You say nothing in this commit about limbo queue. I have serious
doubts about your manipulation with it. The patch needs to be
split into pieces, each addressing its own problem and having a
test. Now I only see 1 test for so many changes.

-- 
Konstantin Osipov, Moscow, Russia

^ permalink raw reply	[flat|nested] 6+ messages in thread

* [tarantool-patches] Re: [PATCH 2/2] swim: disseminate event for log(cluster_size) steps
  2019-06-30  6:55   ` [tarantool-patches] " Konstantin Osipov
@ 2019-06-30 16:24     ` Vladislav Shpilevoy
  0 siblings, 0 replies; 6+ messages in thread
From: Vladislav Shpilevoy @ 2019-06-30 16:24 UTC (permalink / raw)
  To: Konstantin Osipov; +Cc: tarantool-patches



On 30/06/2019 08:55, Konstantin Osipov wrote:
> * Vladislav Shpilevoy <v.shpilevoy@tarantool.org> [19/06/30 09:04]:
> 
>  I don'
>> Before the patch there was a problem of events and anti-entropy
>> starvation, when a cluster generates so many events, that they
>> consume the whole UDP packet. If during the event storm something
>> important happens, that event is likely to be lost, and not
>> disseminated until the storm is over.
>>
>> Sadly, there is no way to prevent a storm, but it can be made
>> much shorter. For that the patch makes TTD of events logarithmic
>> instead of linear of cluster size.
>>
>> According to the SWIM paper and to the experiments the logarithm
>> is really enough. Linear TTD was a redundant overkill.
>>
>> When events live shorter, it does not solve a problem of the
>> events starvation - still some of them can be lost in case of a
>> storm.

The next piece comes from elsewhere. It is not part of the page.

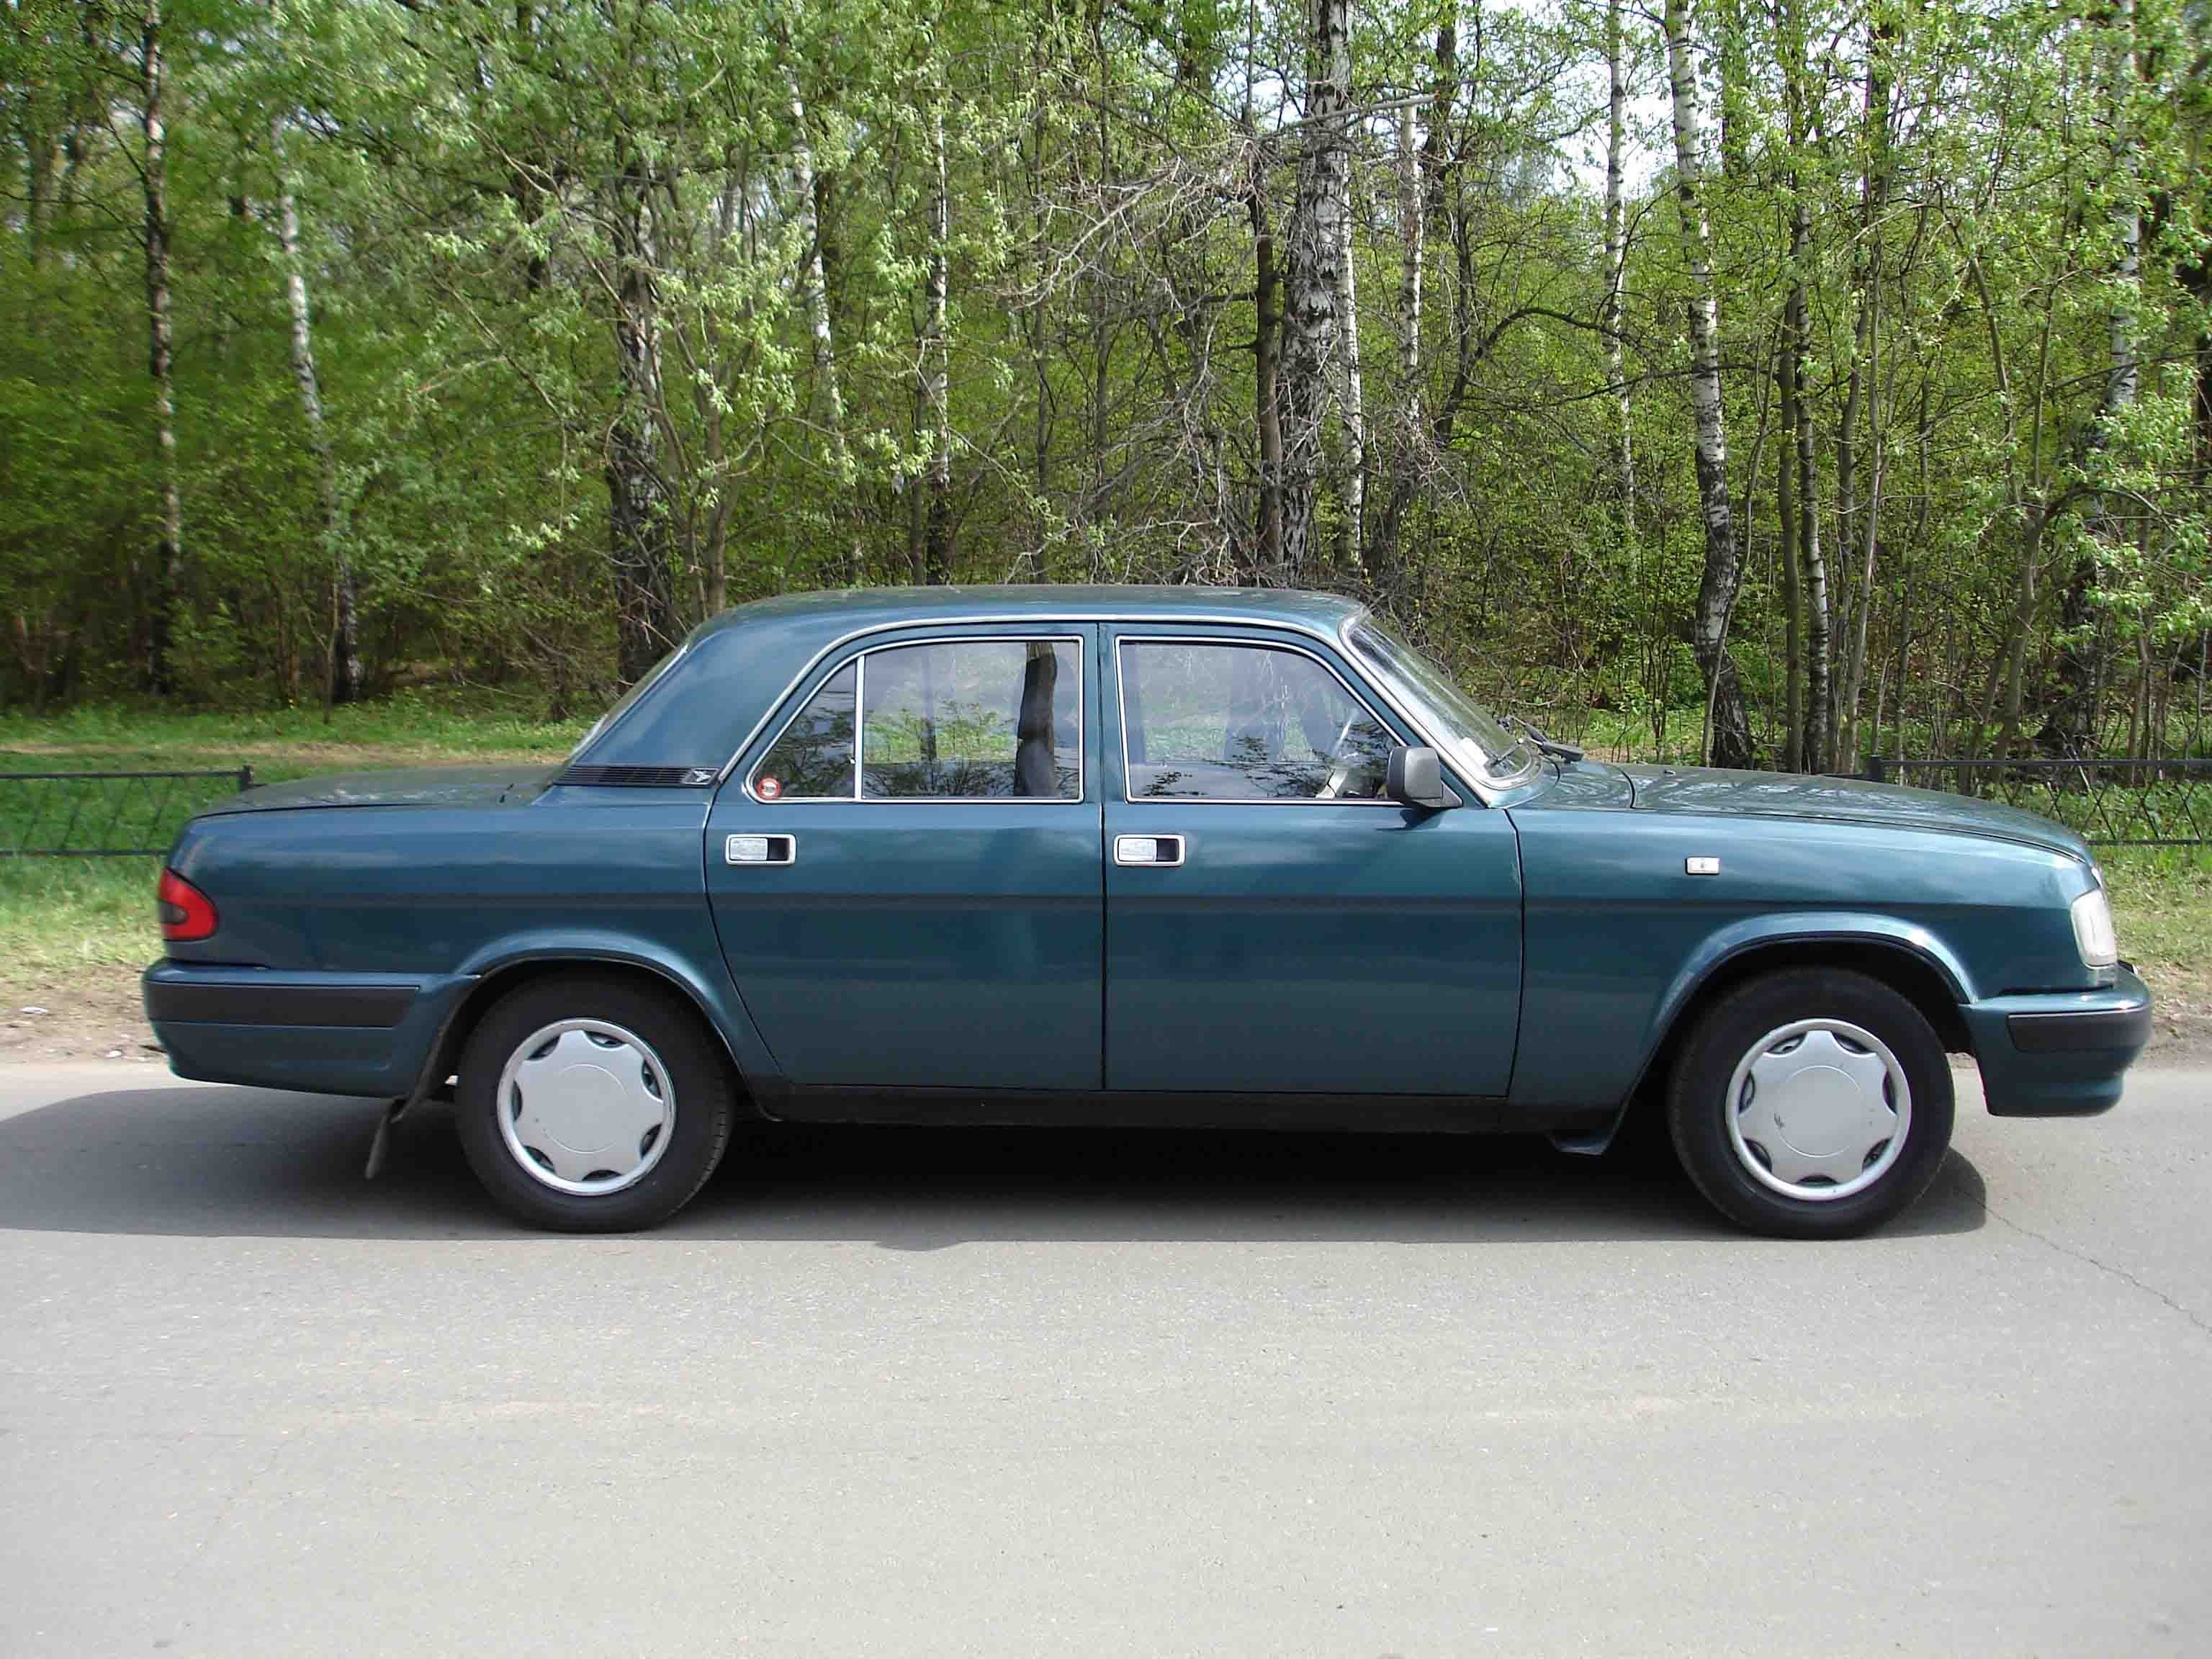 2000 GAZ 3110

But it frees some space for anti-entropy, which can finish
>> dissemination of lost events.
>>
>> Experiments in a simulation of a cluster with 100 nodes showed,
>> that a failure dissemination happened in ~110 steps if there is
>> a storm. Linear dissemination is the worst problem.
>> After the patch it is ~20 steps. So it is logarithmic as it
>> should be, although with a bigger constant than without a storm.
> 
> You say nothing in this commit about limbo queue. I have serious
> doubts about your manipulation with it. The patch needs to be
> split into pieces, each addressing its own problem and having a
> test. Now I only see 1 test for so many changes.
> 

Limbo queue makes no sense before logarithmic TTD. I can add it in
a separate commit, but then the first commit with log TTD will fail
some tests. And they will be fixed in the second one adding the limbo
queue.

If you don't like the limbo queue idea, then answer on my cover
letter in this thread, where I explain what alternatives exist for
the limbo queue.

^ permalink raw reply	[flat|nested] 6+ messages in thread

* [tarantool-patches] Re: [PATCH 1/2] swim: prefer new events for dissemination over old
  2019-06-29 23:45 ` [tarantool-patches] [PATCH 1/2] swim: prefer new events for dissemination over old Vladislav Shpilevoy
@ 2019-06-30 16:25   ` Vladislav Shpilevoy
  0 siblings, 0 replies; 6+ messages in thread
From: Vladislav Shpilevoy @ 2019-06-30 16:25 UTC (permalink / raw)
  To: tarantool-patches; +Cc: kostja

This commit is dropped. It was discussed verbally, that it would
be better to implement more smart priority queue for events.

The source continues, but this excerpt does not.